Eighth Grade follows Kayla (Elsie Fisher), a shy girl who strives to be confident, but reality makes it hard for her to fit in. She spends a great deal of her time on YouTube uploading vlogs with advice and tips for other people to be confident, or to fit in, or to be themselves. Yet Kayla can't seem to take her own advice, so many of her days include keeping to herself during school, awkward dinners with her father (Josh Hamilton) and late nights on Instagram, Snapchat or YouTube. After a pool party, and a few run-ins with the cutest boy in junior high, Kayla decides to get out there more and, before she graduates into high school, become the girl she says she is online.
Who knew typical eighth grader stuff was so damn entertaining? Okay, maybe typically it is not, but Bo Burnham takes such a real approach to this young girl's life. It doesn't feel like we are watching a movie, it just feels like a camera following a young girl around for a very important part of her life. At times the film feels like it’s not really about anything, but that’s the point. There's no grand plot, it's really just how this section of Kayla's life affects her. It's like Lady Bird meets Call me By Your Name just set in eighth grade and without sexual acts being performed on a peach (bananas, however). Moments towards the end can feel predictable or cliché, but rarely does that hurt the film. It often helps it feel real. Life is cliché.
This isn’t a typical comedy, but given that the man behind the camera is a comedian, you can expect a lot of laughs here. They aren't the usual gags in most studio comedies; they are timely, well thought out observations that make the film feel as if Burnham wrote it yesterday. The jokes and references to pop culture and social media trends are so current and authentic. For example, the principal of the school tries relating to the kids by ending his speech with a dab, or the sexual education teacher informs the kids that puberty is "Lit". It's cringe-worthy, but it's cringe-worthy in real life. It just works here. Never before has a film felt so authentic regarding kids and the digital era they are growing up in.

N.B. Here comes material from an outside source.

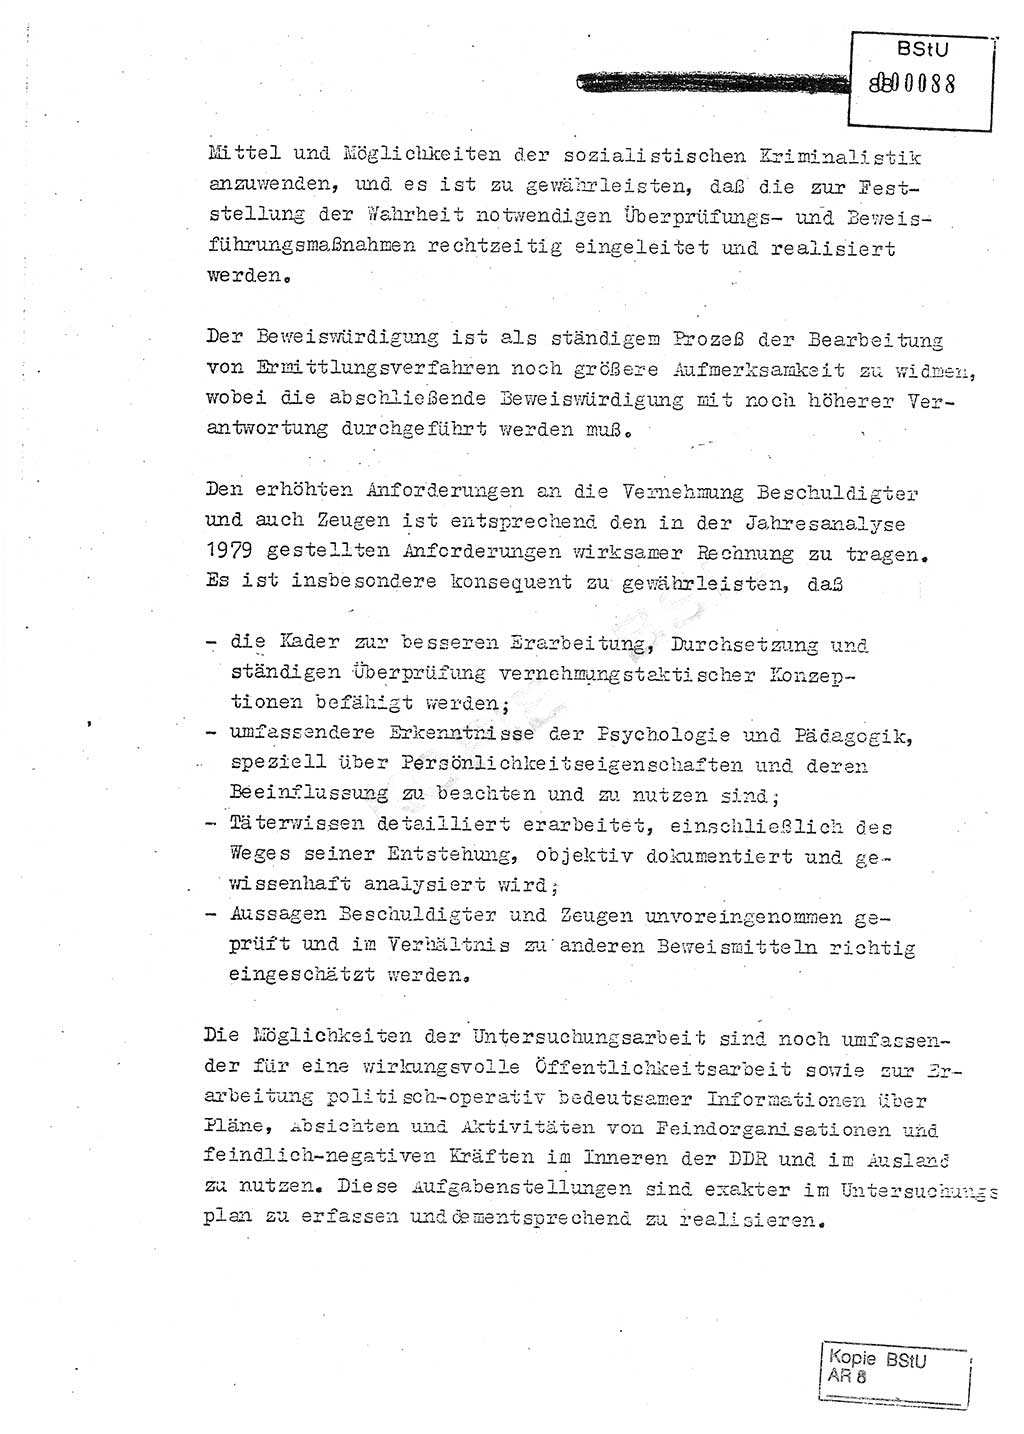 Jahresbericht der Hauptabteilung (HA) Ⅸ 1980, Analyse über die Entwicklung und die Wirksamkeit der politisch-operativen Arbeit der Linie Ⅸ in der Zeit vom 1. Januar 1980 bis 30. September 1980, Ministerium für Staatssicherheit (MfS) der Deutschen Demokratischen Republik (DDR), Hauptabteilung Ⅸ, Geheime Verschlußsache (GVS) 014-660/80, Berlin 1980, Seite 88 (Anal. MfS DDR HA Ⅸ GVS 014-660/80 1980, S. 88)

The film's greatest strength is in its performances. The intimate, authentic approach just would not work if that weren’t the case. All the young kids are great at acting like young kids. None of them overdo it. My favorite of the bunch is young Jake Ryan, who plays the only person of Kayla's age that is actually nice to her. This kid had me laughing non-stop in an unbearably adorable scene towards the end.

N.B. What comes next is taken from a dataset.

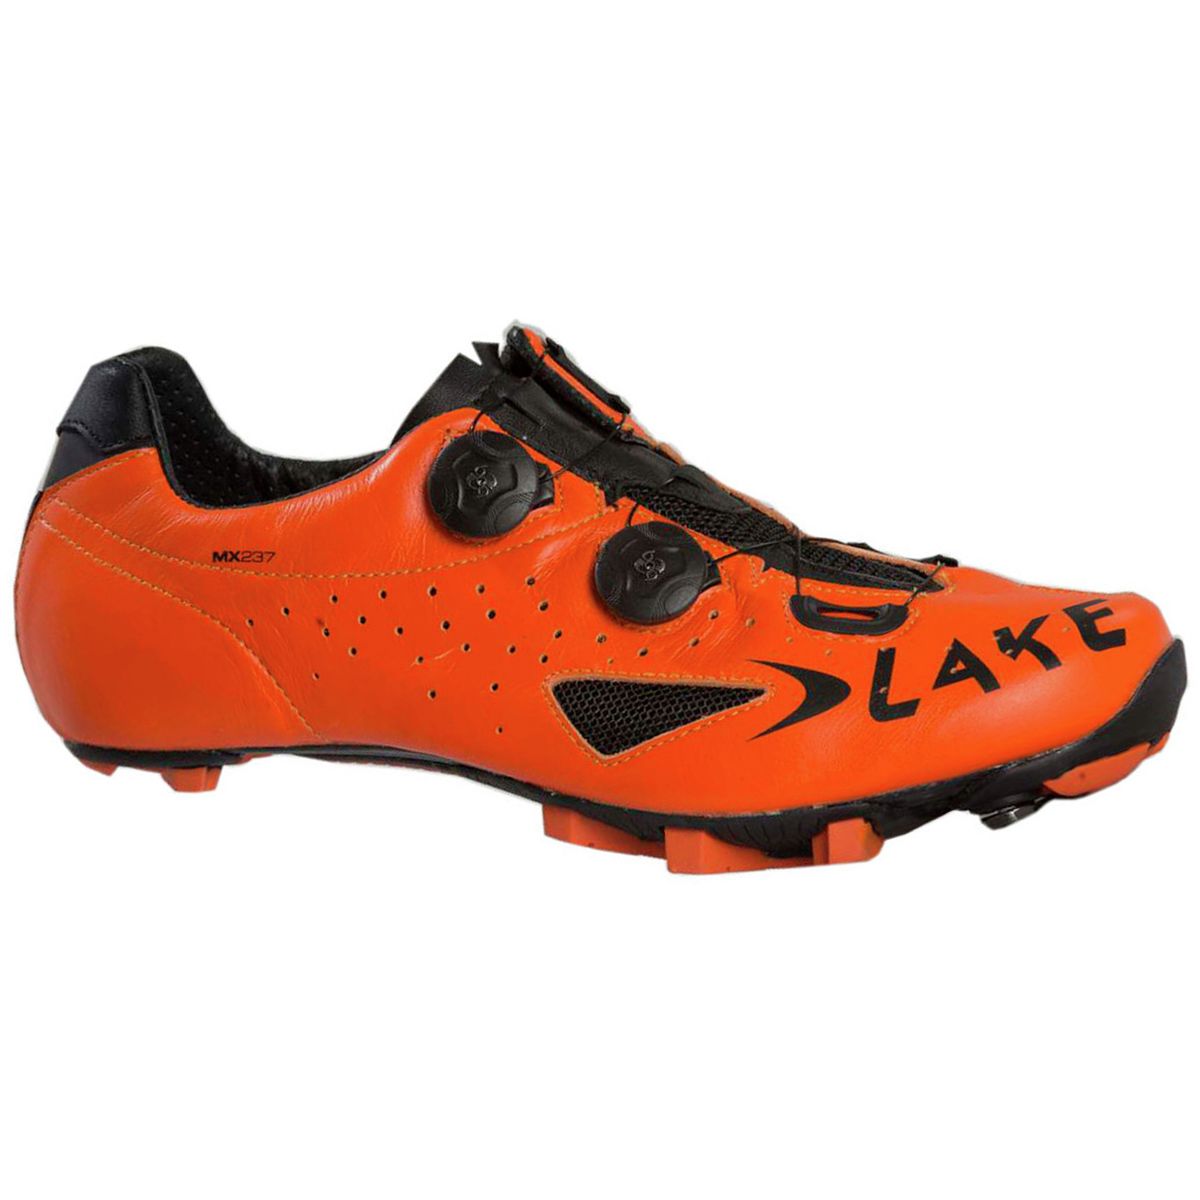 Lake MX237 Cycling Shoe Men's

Josh Hamilton, Kayla's father starts out one note, it's not a bad note, he is great in the whole film, but he hits you in the gut with an emotional monologue towards the end that will be hard to get through with dry eyes. However, the real star is Elsie Fisher, as young Kayla. She just feels so real. She's awkward but it's never goofy or unbelievable. The way she trips over her words and flubs when she tries to be confident or her fast, nervous talking is just so damn perfect. If she doesn't get awards love this year it will be a damn tragedy.
Eighth Grade is not necessarily the film I imagined when I heard Bo Burnham would be writing/directing his first feature, but I am sure glad it turned out this way. Seeing a character learn and grow right before your eyes is always a rewarding experience, and it's done so expertly in Eighth Grade. This is one of the best coming of age films of the year. It's one of the best movies of the year. It's a sweet and at times relaxing film that will be a mainstay in the hearts of any young person that sees the film, or anyone with a child, or anyone who has had similar experiences to those in the films. It is a film for everyone and one that I highly recommend checking out.